On this group of networks, the proposed method obtains the largest modularity on 6 of the 7 networks, suggesting that the detected results on the 6 networks are the best among the comparison algorithms. Only on another network, the quality of the detected result is not the highest, but it is still the second best. For comparison algorithms, only FastQ obtains the largest modularity on network E. Coli once; the detected modularity of Walktrap, IsoFdp, LPA, Attractor, and WMW on any network is not the largest. Furthermore, their values of the modularity are smaller than those of our method with a larger difference on most of networks. IsoFdp even cannot manage to extract the effective results from networks E. Coli, PolBlogs, and YeastL, because these networks are not connected, whereas IsoFdp can only extract communities from the connected networks. This result manifests the effectiveness of the proposed framework; the proposed method can detect the high-quality community structures steadily from networks and outperform the competitors significantly.

5. Conclusion

In the seed-expanding based community-detection methods, the selection of seed vertices is vital to the quality of the resulting community structure. Many algorithms exploit the centrality to select seed vertices from the network, but each centrality describes the importance of each vertex from different perspectives; it has both upsides and downsides simultaneously when it is used in such a scenario.
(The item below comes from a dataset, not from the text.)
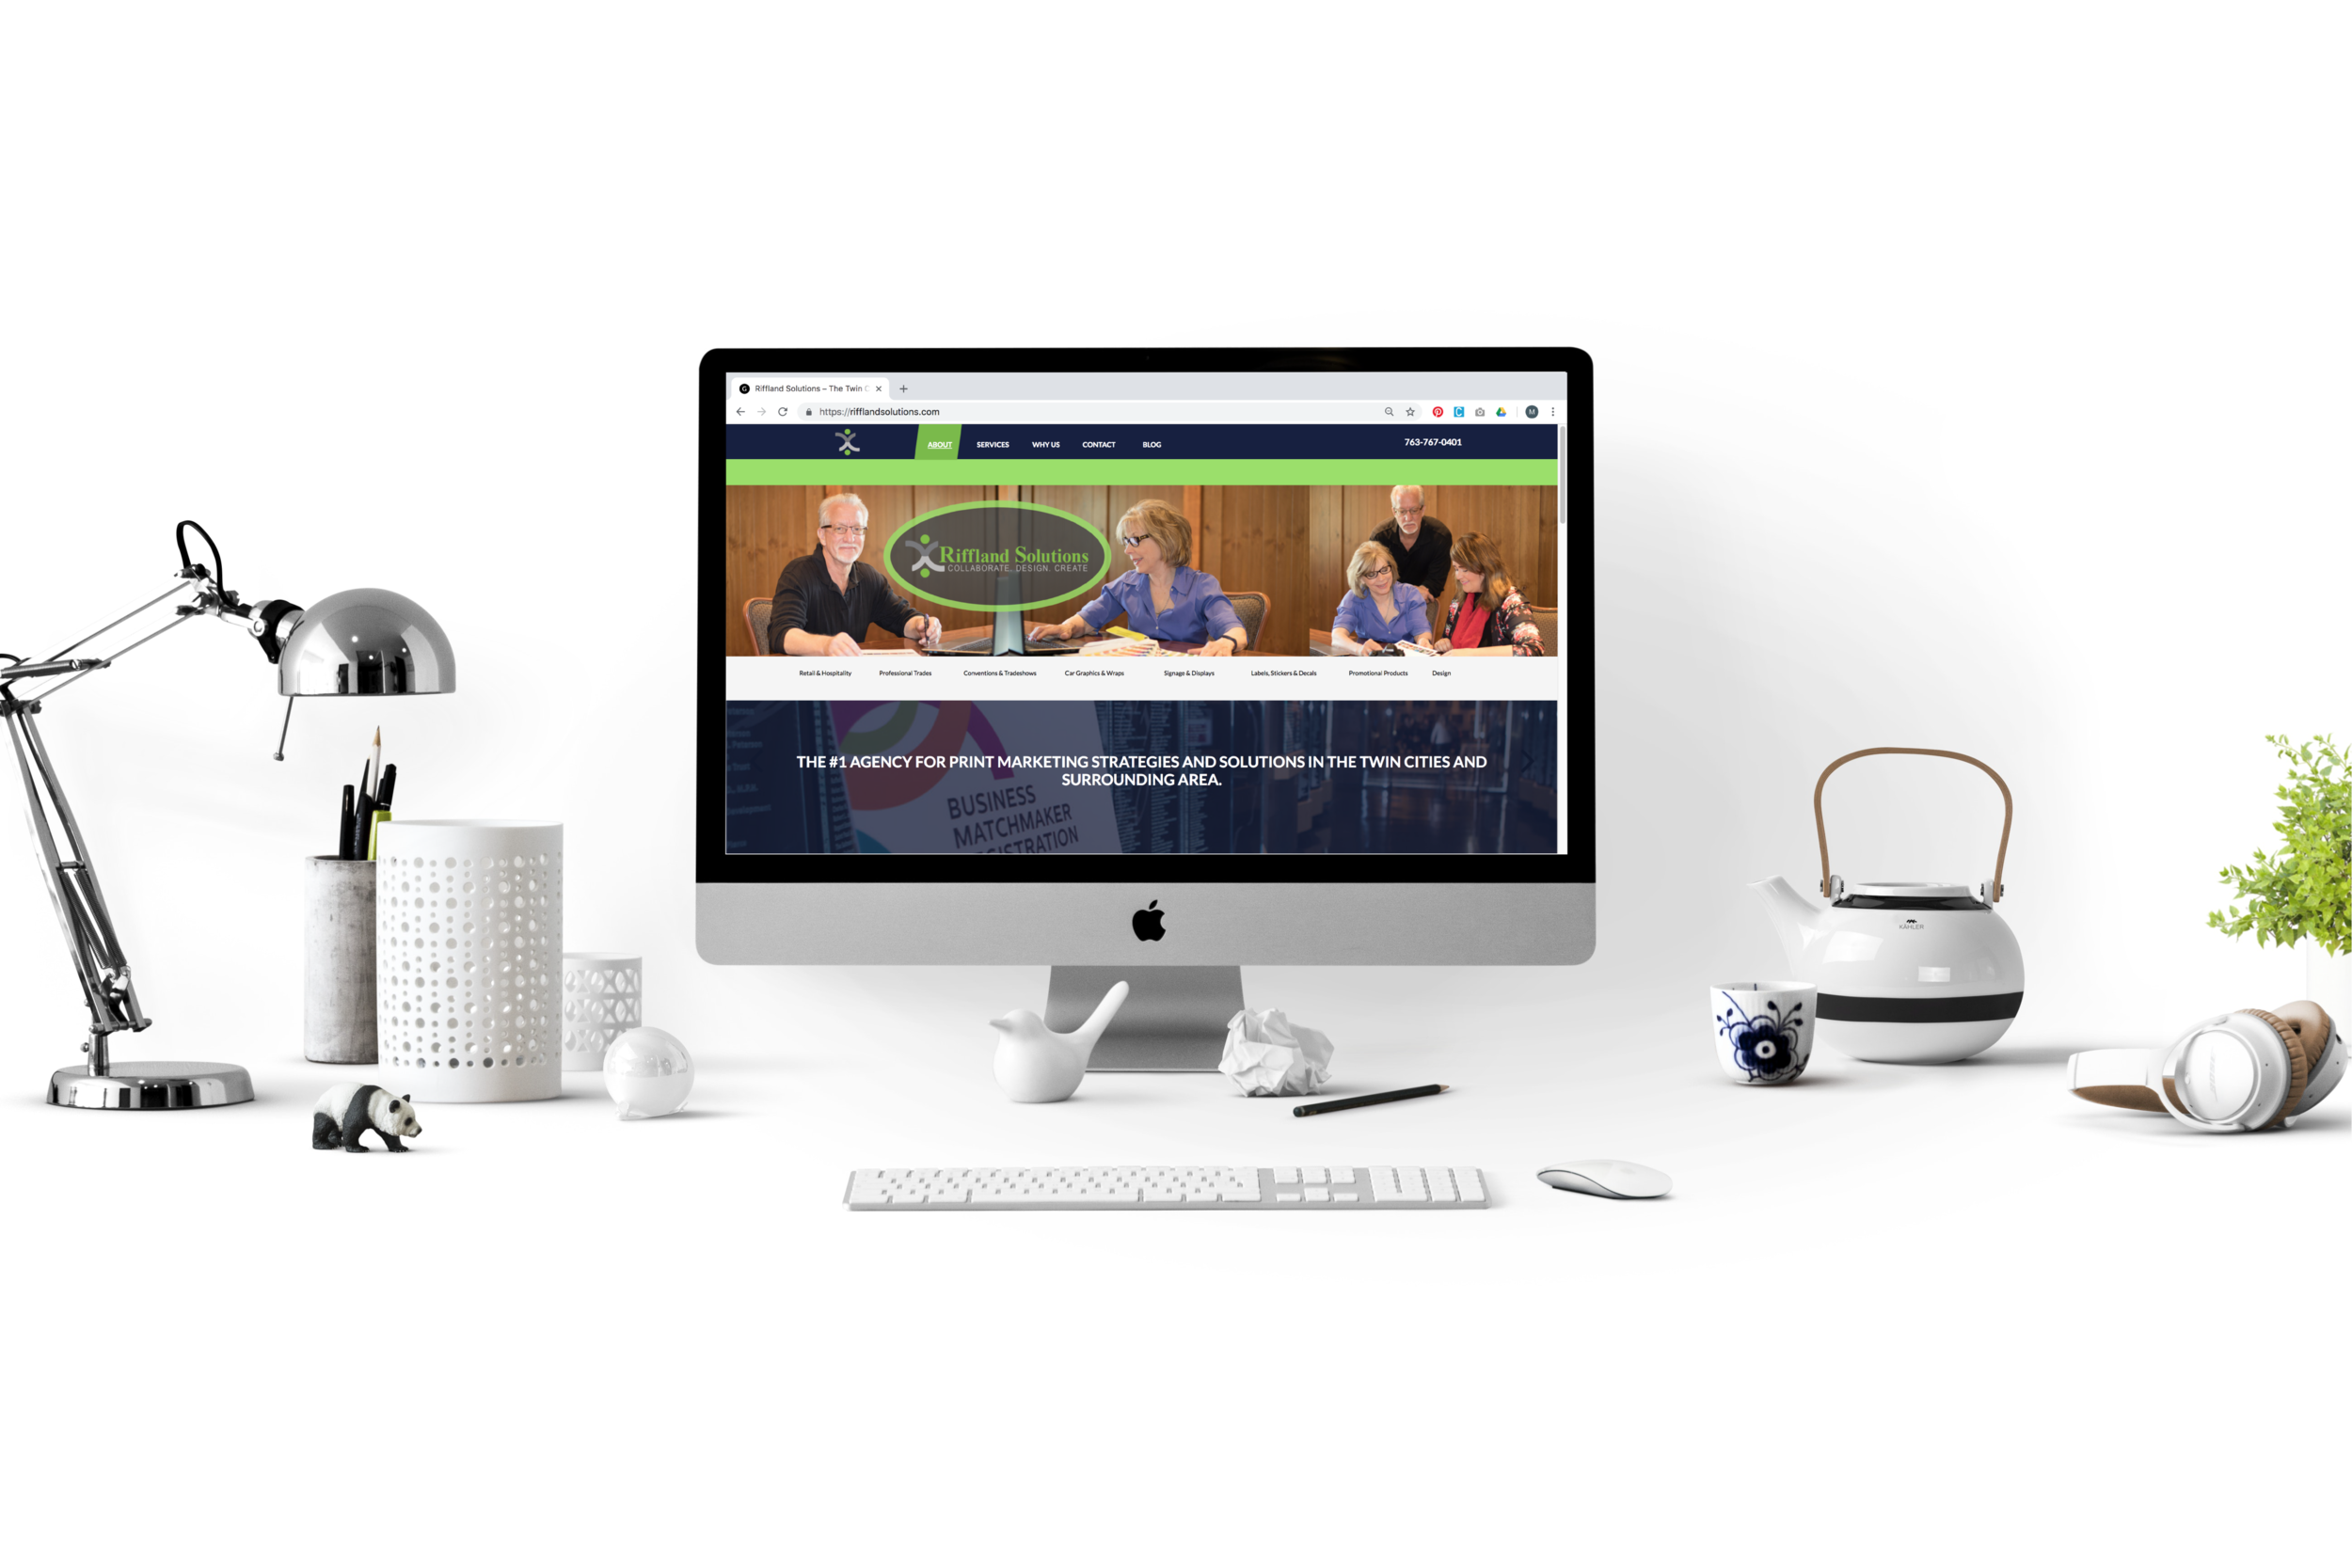 Riffland Solutions Client Spotlight

Therefore, seed vertices identified using one single centrality are always not the best ones. We attempt to integrate multiple centralities’ utilization via the TOPSIS multi-attribute decision-making technology in this paper, and propose a framework to consider multiple centralities by treating each of them as an attribute, ranking vertices according to the scores which are calculated by using TOPSIS, and taking top-rank vertices as the seeds. Then, we also develop a strategy to expand communities based on the selected seeds by attracting the most similar neighbors of vertices inside communities to join.
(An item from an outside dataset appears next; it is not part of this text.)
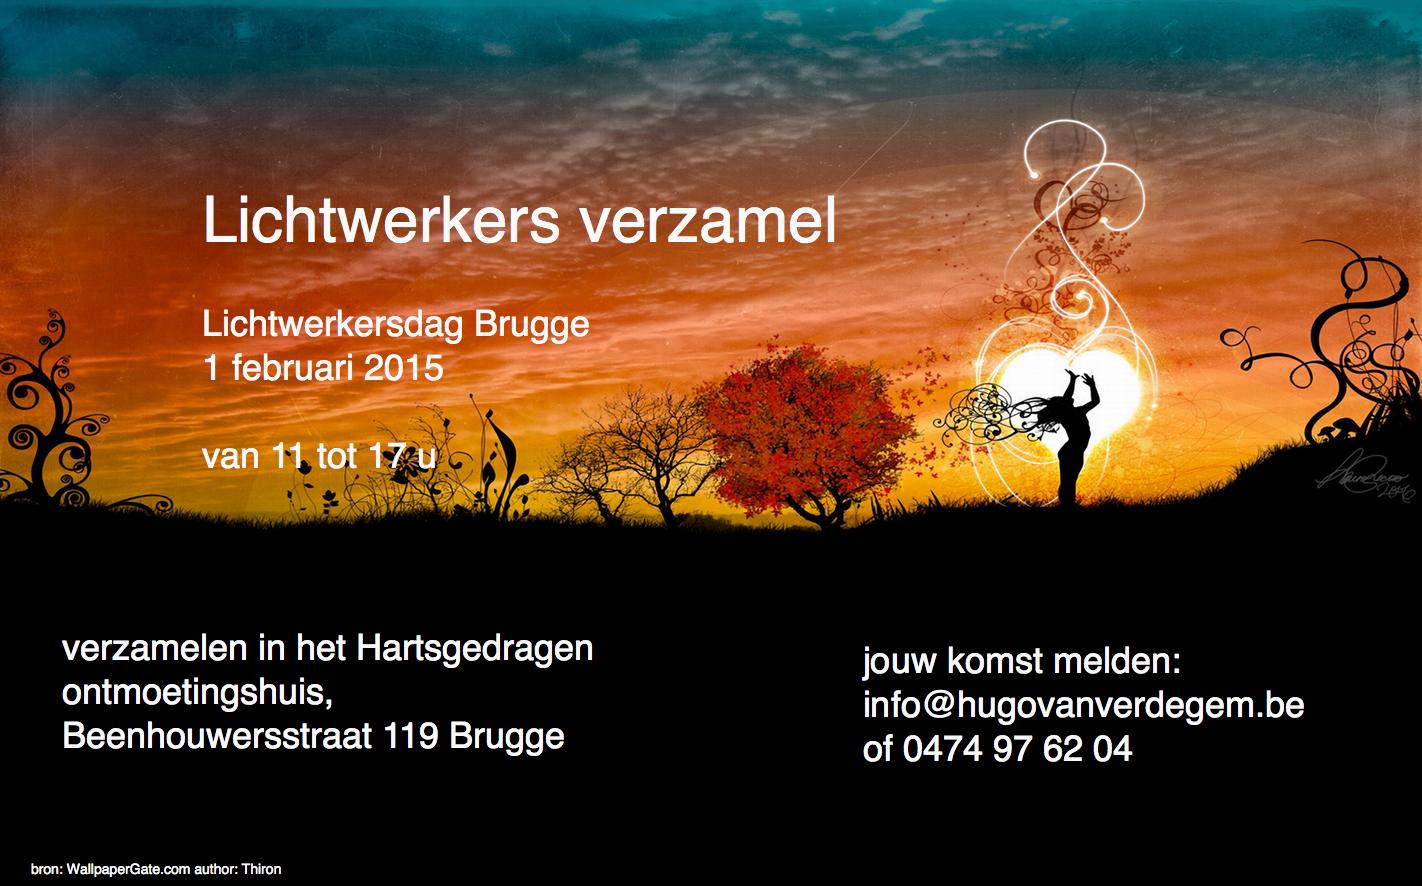 Lichtwerkersdag 1 feb te Brugge. Lichtwerkers verzamel!

Next, we get a concretized community-detection method from the proposed framework by considering four concrete centralities. We have performed the experiments about this method on both some synthetic networks and some real-world networks; the effectiveness of the proposed framework is tested by the experimental results, which also manifests that the concretized method can detect high-quality community structure from networks steadily.

Data Availability

The data used to support the findings of this study are available from the corresponding author upon request.

Conflicts of Interest

The authors declare that they have no conflicts of interest.

Acknowledgments

This work was partially supported by the project of Key R&D Program of Ningxia Province, China (Grant no.: 2018BEE03026).